The task is to extract the Nominal GDP sector composition table from the List_of_countries_by_GDP_sector_composition wikipedia page and convert it to CSV using Python.

We could call this an example of “scraping a wikipedia table”.

We’ll use requests for the fetching and BeautifulSoup for the parsing:

>>> import csv, json, requests, sys
>>> from   bs4 import BeautifulSoup
>>> 
>>> url  = 'https://en.wikipedia.org/wiki/List_of_countries_by_GDP_sector_composition'
>>> r    = requests.get(url)
>>> soup = BeautifulSoup(r.content, 'html5lib')
>>>
>>> row = [ td.text for td in soup.table('tr')[2]('td') ]
>>> print(json.dumps(row, indent=2))
[
  "1", 
  "\u00a0United States", 
  "7007179469960000000\u266017,946,996", 
  "1.12%", 
  "19.1%", 
  "79.7%", 
  "7005215364000000000\u2660215,364", 
  "7006342787600000000\u26603,427,876", 
  "7007143037560000000\u266014,303,756"
]

find without find()

The table we are after is the first <table> tag on the page so we can use soup.find('table') to find it.
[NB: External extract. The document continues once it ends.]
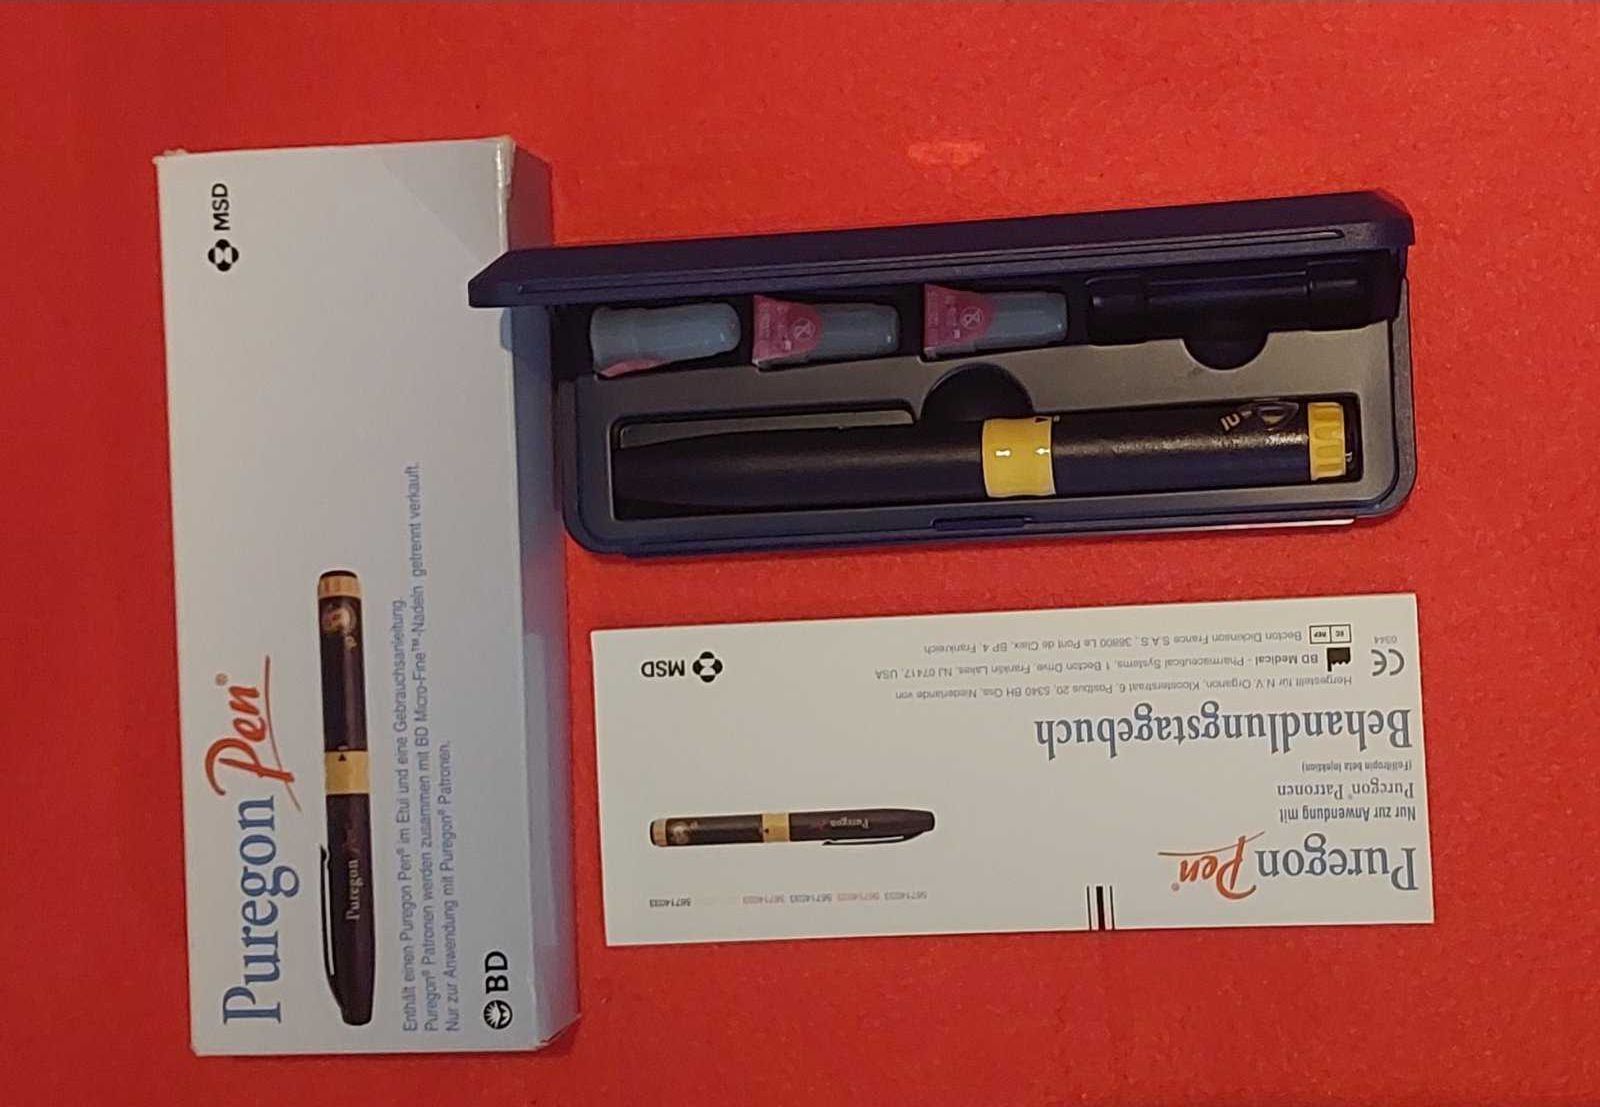 Puregon Пурегон-пен MSD ручка-інжектор для введення лікарських засобів

BeautifulSoup has some “shorthand” syntax for simple cases of find() and find_all():

  • soup.tag is the same as soup.find('tag')
  • soup('tag') is the same as soup.find_all('tag')

This means that:

soup.table('tr')[2]('td')

is equivalent to:

soup.find('table').find_all('tr')[2].find_all('td')

Note that the find methods aren’t only called on the BeautifulSoup object.

>>> type(soup.table)
<class 'bs4.element.Tag'>

They can be called on Tag objects too to search from a particular starting point:

>>> soup.table.find('a')
<a href="/wiki/List_of_countries_by_GDP_(nominal)" title="List of countries by GDP (nominal)">nominal GDP</a>
>>> soup.table.a
<a href="/wiki/List_of_countries_by_GDP_(nominal)" title="List of countries by GDP (nominal)">nominal GDP</a>

So the first <tr> in the <table> contains the header names and the second contains the totals so the data we want starts in the third row, hence the [2].

The [ td.text for td ... ] syntax is called a List Comprehension. It’s as if we did:

1 2 3
row = [] for td in soup.table('tr')[2]('td'): row.append(td.text)

Finally we’re using json.dumps(..., indent=2) to pretty-print the resulting list for formatting purposes.

prettify()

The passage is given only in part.